Congrats to the team and community for the latest ArangoDB release 3.12! ArangoDB 3.12 is focused on greatly improving performance and observability both for the core database and our search offering. In this blog post, we will go through some of the most important changes to ArangoDB and give you an idea of how this can be utilized in your products.

Just in case you prefer to try ArangoDB 3.12 directly rather than just reading about it, you can either download the Community Version orEnterprise Trial, pull our docker images, or head over to our Managed Service ArangoGraphfor a free trial.

Improved memory accounting and usage 

Version 3.12 features multiple improvements to the observability of ArangoDB deployments. Memory usage is more accurately tracked and additional metrics have been added for monitoring the memory consumption.

Note that AQL queries may now report a higher memory usage and thus run into memory limits sooner.

This AQL efficiently identifies accounts involved in a suspicious chain of transactions originating from a flagged account, considering the rapidity and sequence of these transactions.

The RocksDB block cache metric rocksdb_block_cache_usage now also includes the memory used for table building, table reading, file metadata, flushing and compactions by default.

Furthermore, the memory usage of some subsystems has been optimized. When dropping a database, all contained collections are now marked as dropped immediately. Ongoing operations on these collections can be stopped earlier, and memory for the underlying collections and indexes can be reclaimed sooner. Memory used for index selective estimates is now also released early. ArangoSearch has a smaller memory footprint for removal operations now.
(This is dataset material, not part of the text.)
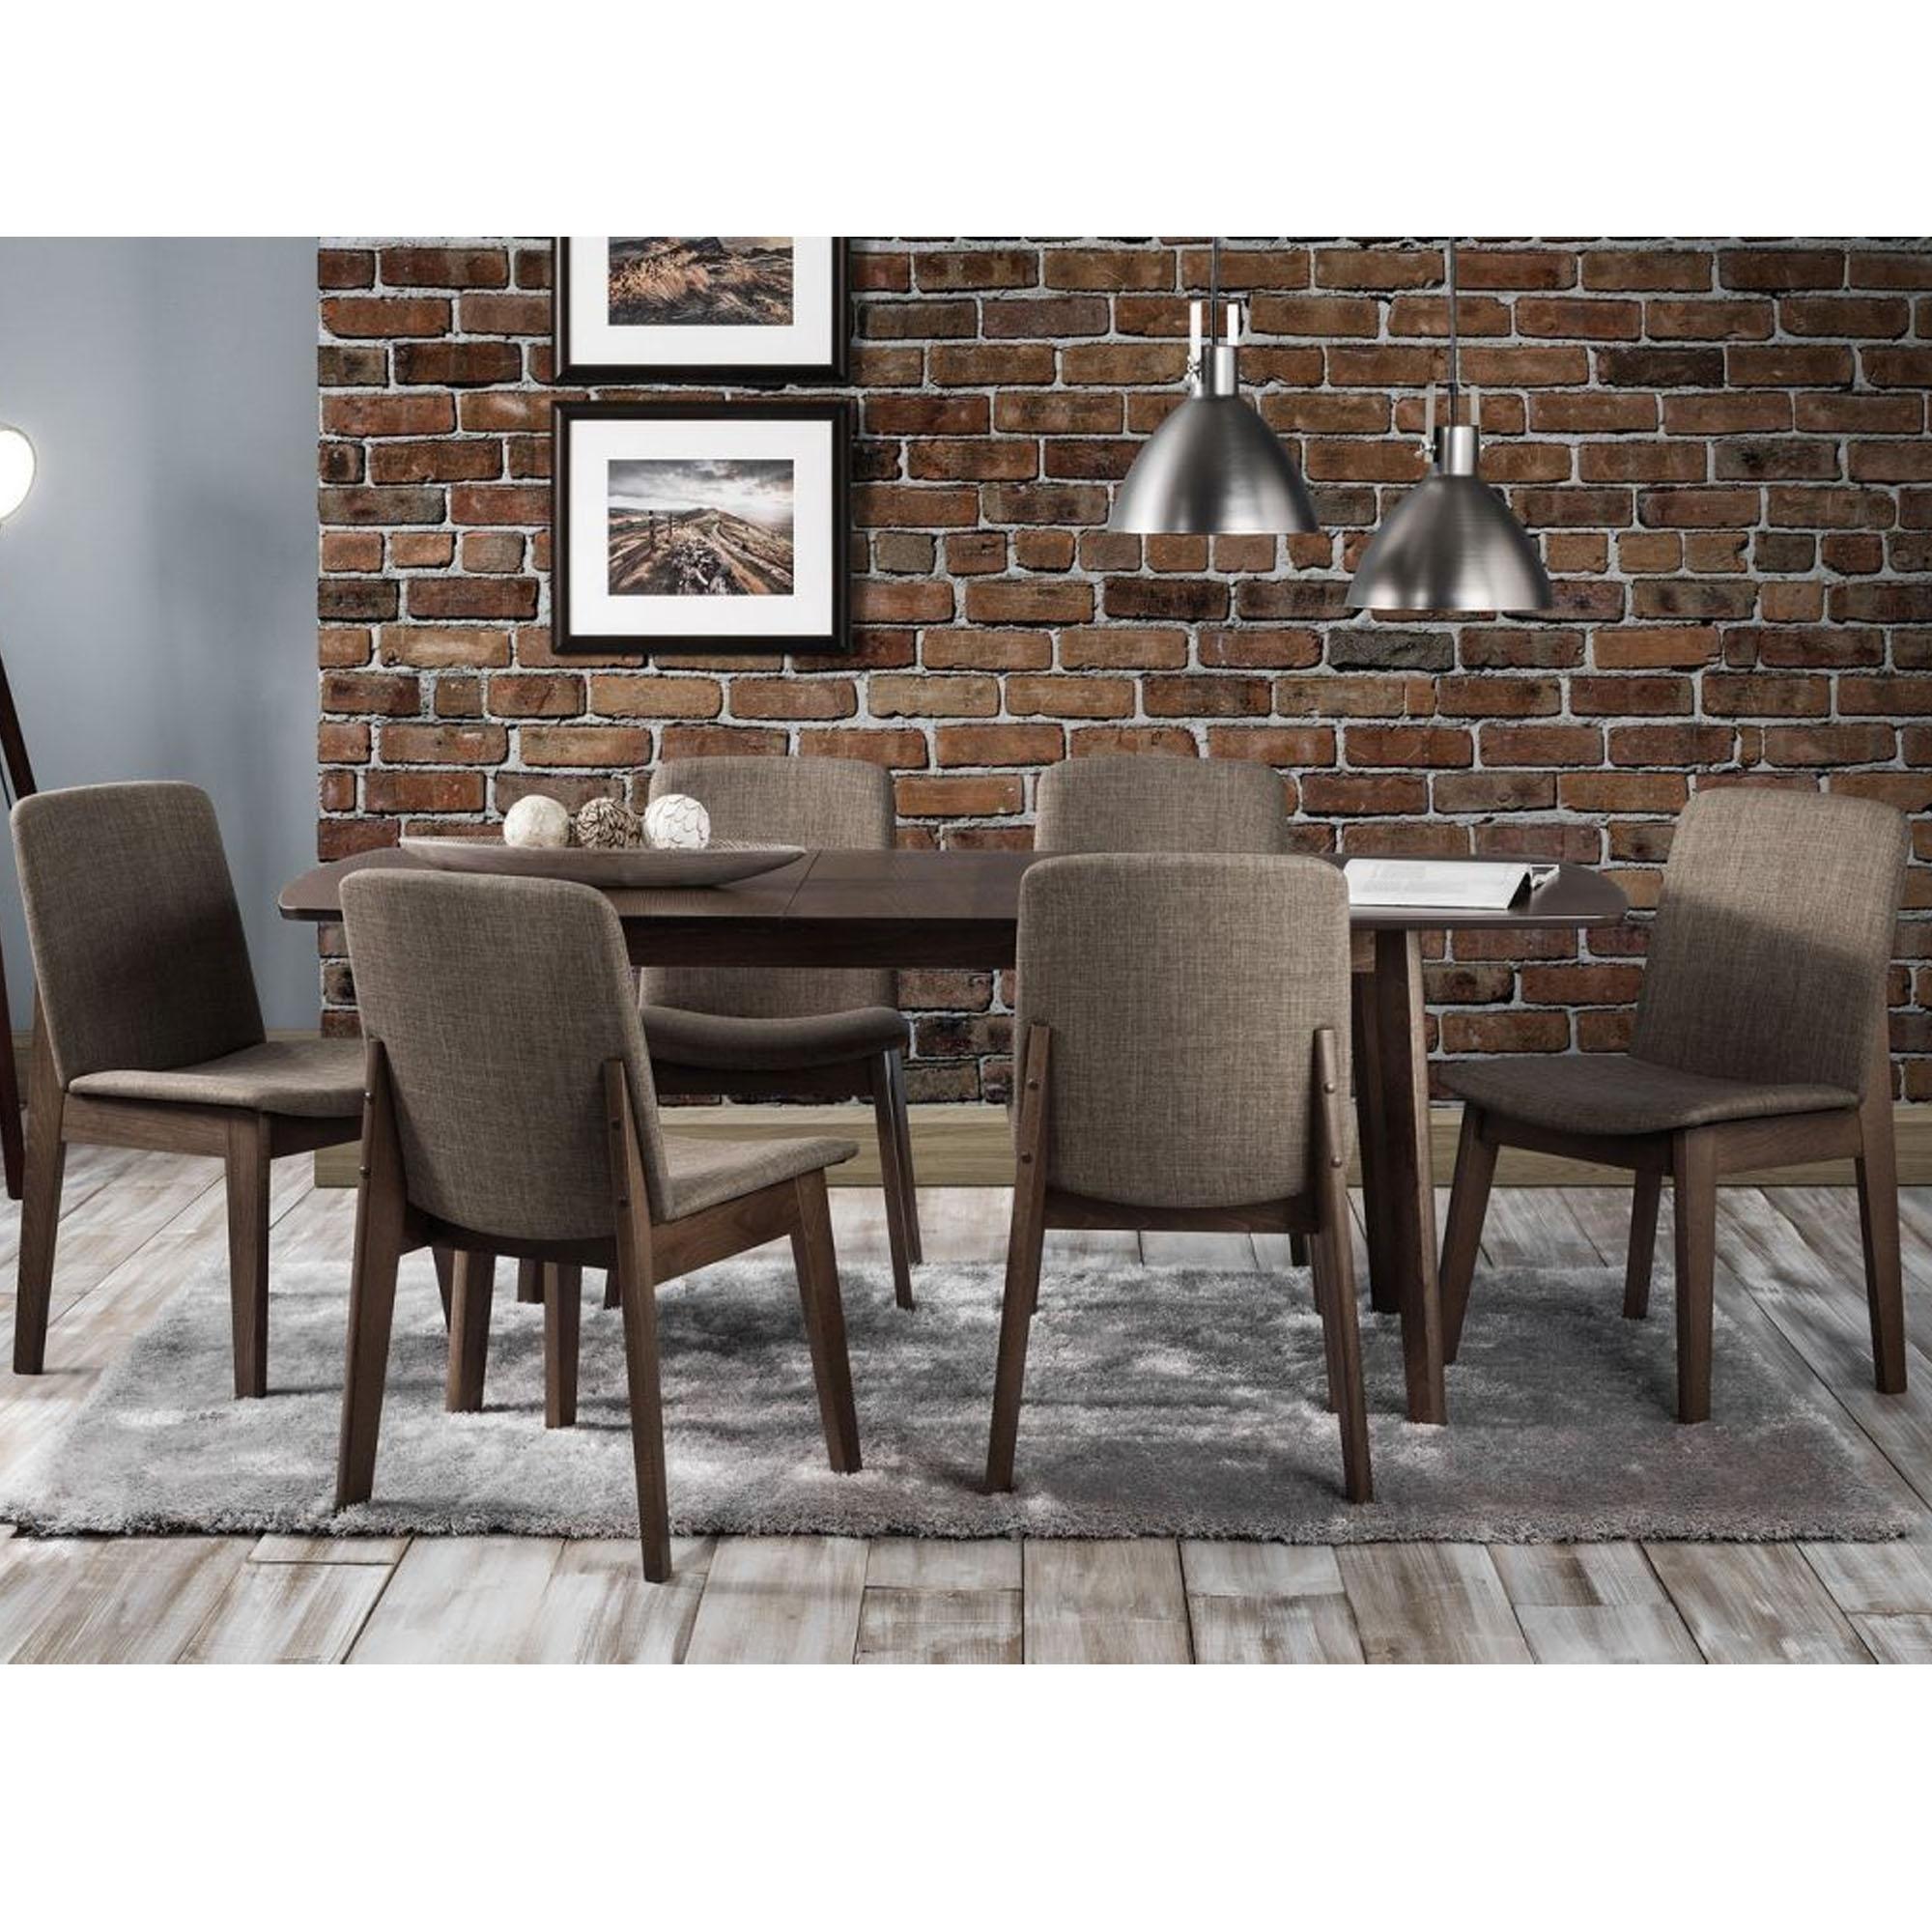 Kensington extending beech dining set modern dining furniture
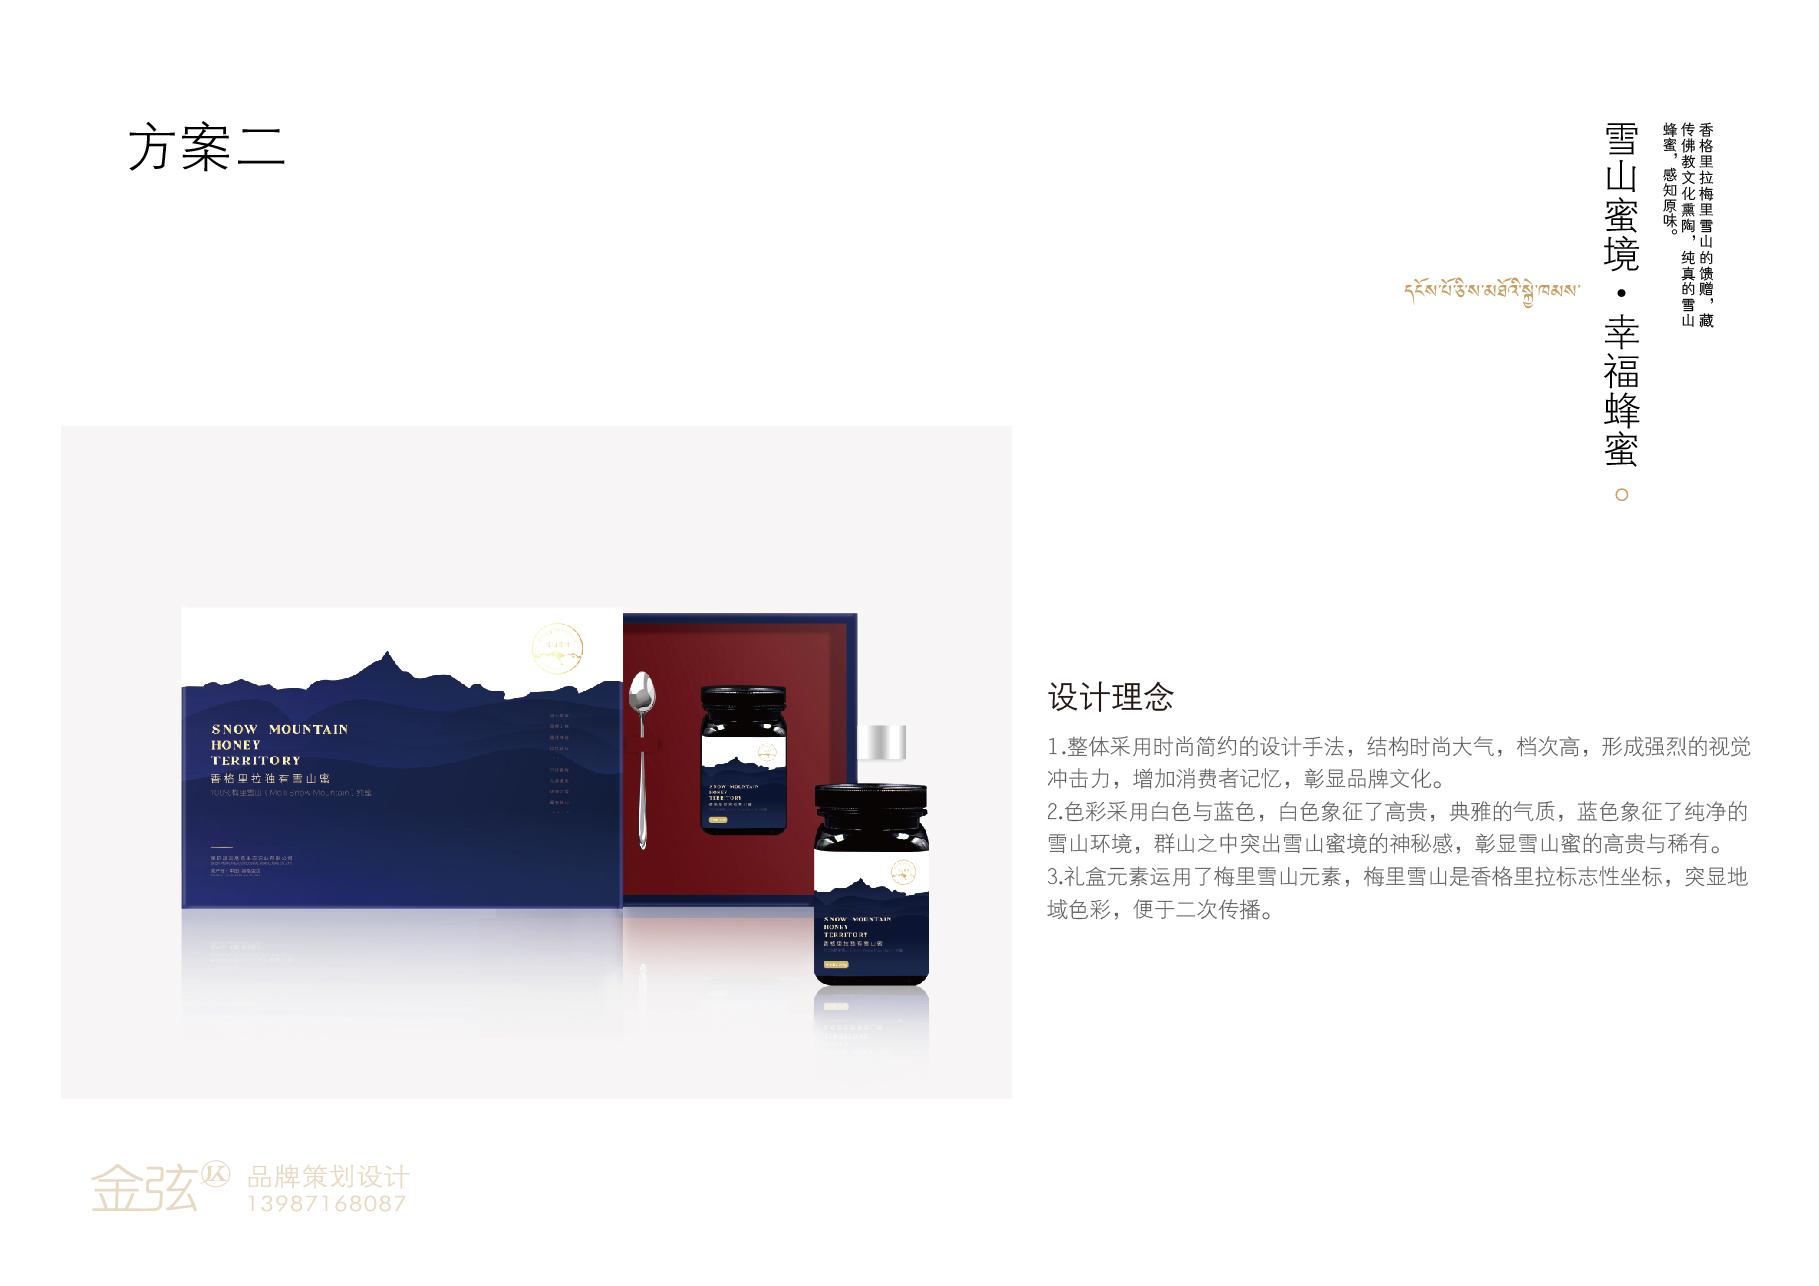 品吉 雪山蜜境幸福蜂蜜包装展示 包装设计 客户资料  第3张

All these changes together will make 3.12 much more stable and resilient against out-of-memory situations, in particular in resource constraint situations like containerized deployment, since memory scarcity is detected earlier and handled more gracefully.

Parallel execution within an AQL query 

The new async-prefetch optimizer rule allows certain operations of a query to asynchronously prefetch the next batch of data while processing the current batch, allowing parts of the query to run in parallel. This will lead to performance improvements if there is still reserve (scheduler) capacity.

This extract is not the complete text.